Son of Austrian refugees and born and raised in Brooklyn, NY,
Israel Singer came to the World Jewish Congress from the academic
community. He taught Political Science and Middle Eastern Studies
at the City University of New York and, from 1969 to 1971, taught
Political Theory in the Department of Politics at BarIlan University
in Israel. He made two brief departures from the academic world,
to serve in the office of the Mayor of New York during the Lindsay
Administration and, later, to assist President Ford’s Administration
during his reelection campaign.
Mr. Singer, a rabbi ordained in 1964 at Yeshiva Torah voDaath,
describes his religious views as “… not by nature
hard line, not uncompromising, but they are principled. I try
to run my life with a relatively fundamentalist view. I go by
a Zionist national ideology, but I am very far to the right on
religious principles. I wouldn’t even classify myself as
Modern Orthodox. I don’t belong to a ‘one-size-fits-all’
Judaism.”
Mr. Singer speaks to world leaders with the same respect, tone
and clarity he uses with rabbis and students, and his agenda never
changes. It is always to protect the Jewish people, to guarantee
Jewish freedom and to get justice for the Jews. Paul A. Volcker,
former head of the Federal Reserve Bank, who worked with Mr. Singer
on the investigation of Swiss banks, says “He’s imbued
with a strong sense of mission, and carries it out with energy,
effectiveness and goodwill.”
Mr. Singer met WJC founder president Nahum Goldmann in 1969,
when Goldmann was trying to make contact with the Russians in
order to make peace after the 1967 war. Mr. Singer was an activist
on behalf of Soviet Jewry. He then became a WJC expert on East-
West relations, then an operative, and then the WJC’s major
activist, which is about the time Edgar M. Bronfman joined the
World Jewish Congress and their collaboration began.

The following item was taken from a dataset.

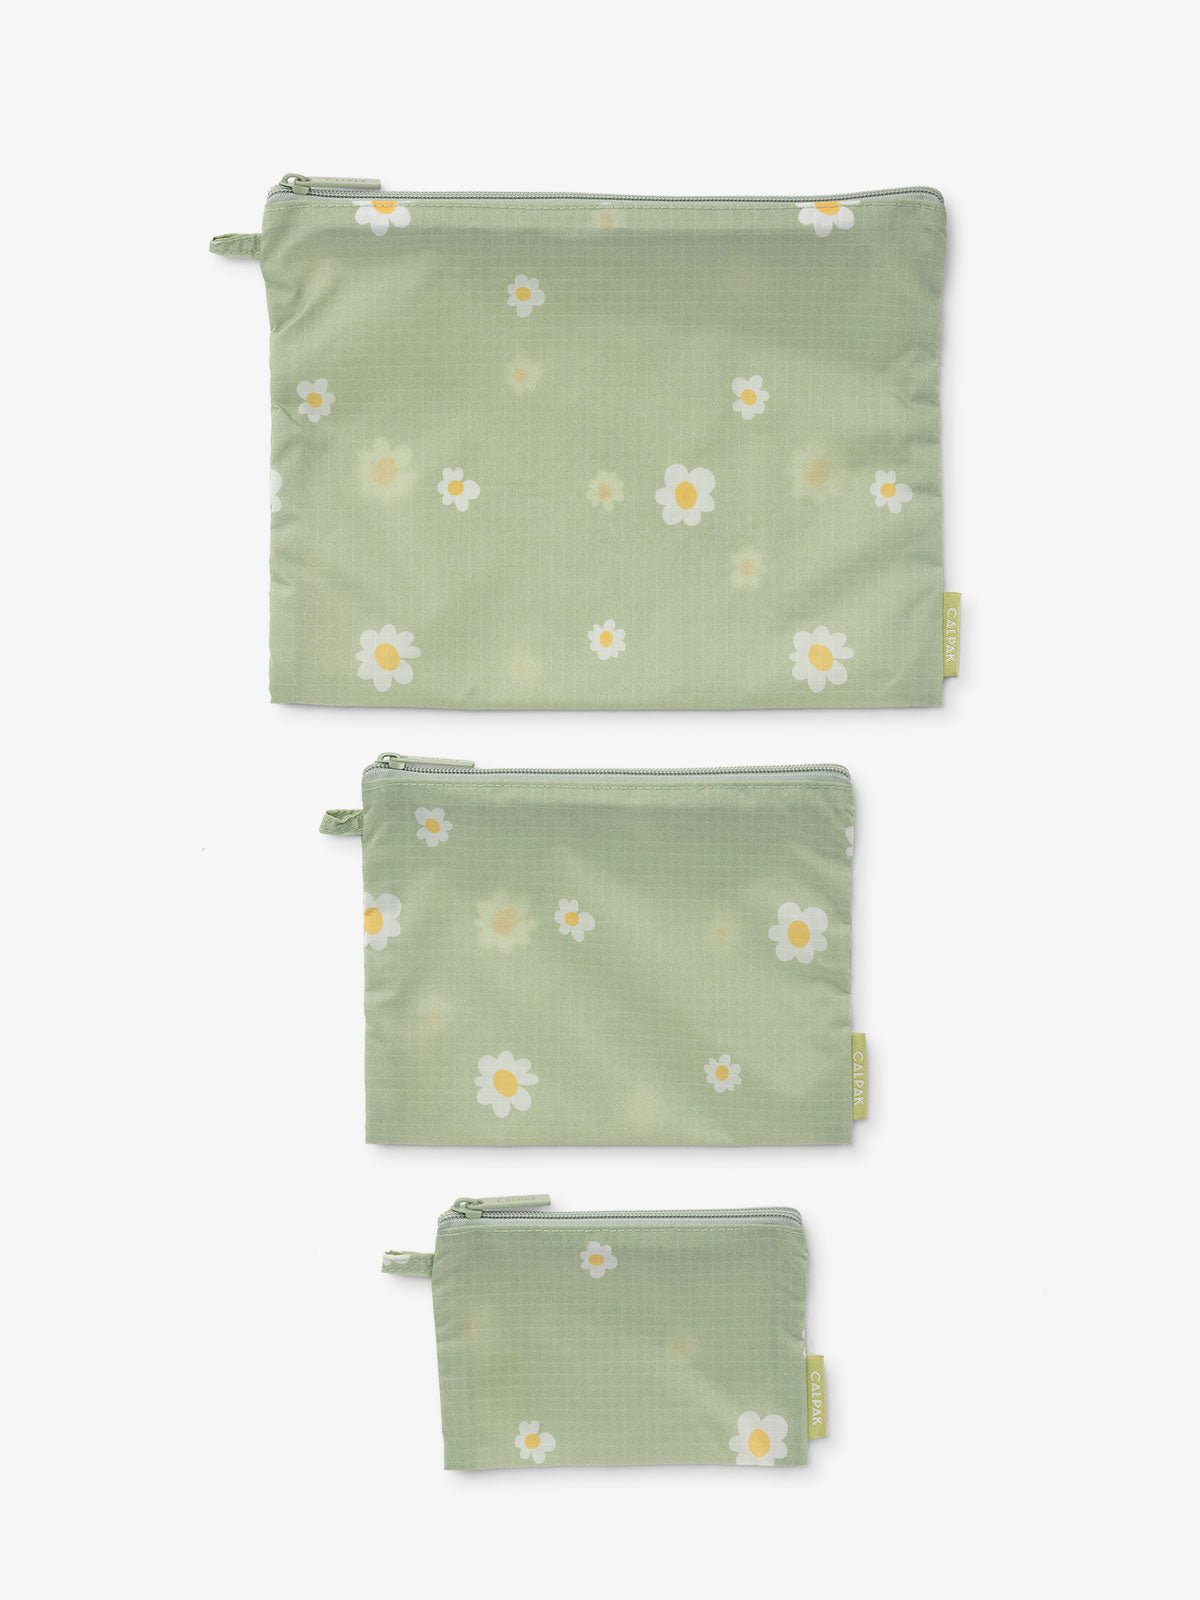 Set of pouches for storage and travel in daisy
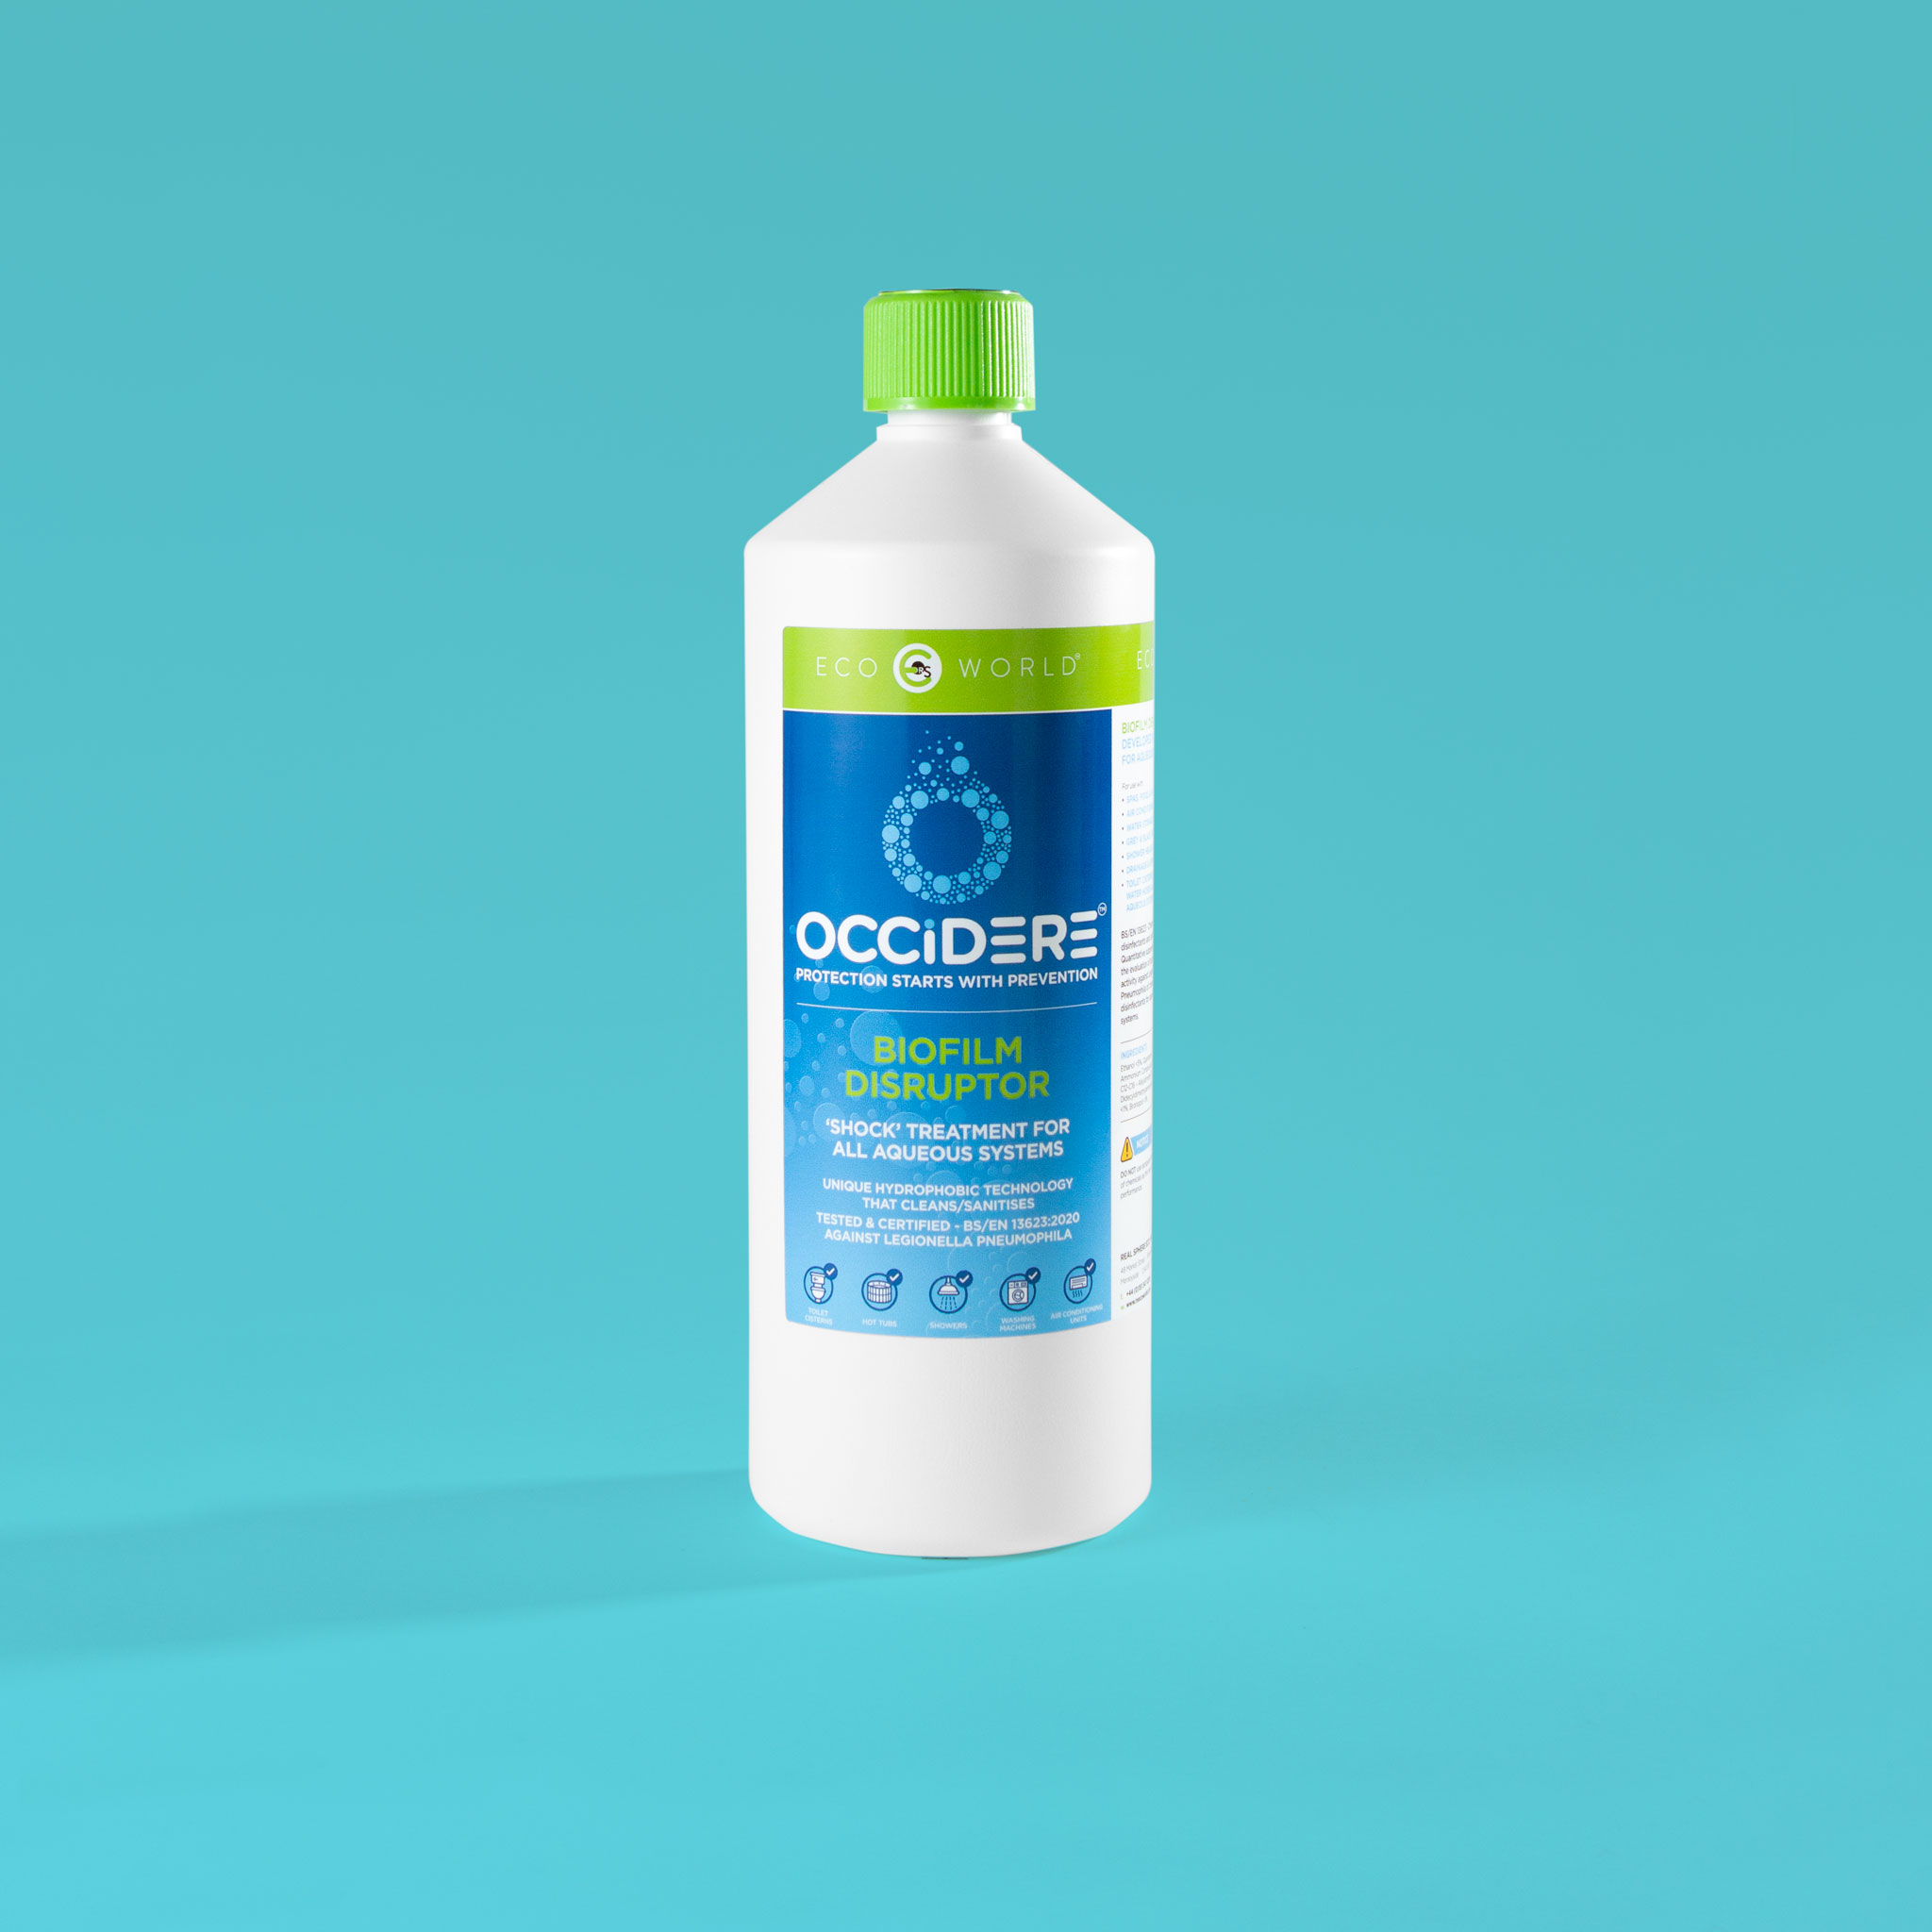 Occidere surface cleaning products

Within the framework of his WJC activity, during the last few
years Mr. Singer has traveled in excess of a million miles and
has visited almost every Jewish community on all continents. His
was the first official visit by a representative of an international
Jewish organization to the then Soviet Union, where he negotiated
in Moscow with top authorities and was instrumental in the release
of well-known Prisoners of Zion.
As chairman of the World Jewish Restitution Organization, he
has maintained negotiations to benefit Holocaust survivors and
heirs of Holocaust victims around the world. He has negotiated
with Germany and Austria for pensions and restitution for survivors.
He has called on the governments of countries of Eastern Europe
and the former Soviet Union concerning restitution of Jewish communal
and private property confiscated during the Nazi period and subsequently
the Communist regimes. And he continues to be key in obtaining
from the Swiss and other implicated countries landmark agreements
and settlement for the return of all assets to the rightful heirs
of Holocaust victims.
In October 2001, Israel Singer was appointed Chairman of the World
Jewish Congress Governing Board. In April 2002, he was elected
president of the Conference on Jewish Material Claims against
Germany, the “Claims Conference.” And in June 2002,
he was elected chairman of IJCIC, the International Jewish Committee
for Interreligious Consultations.
In February 2006 he became Chairman of the WJC Policy Council.
He and his wife Evelyne have five children and a number of grandchildren.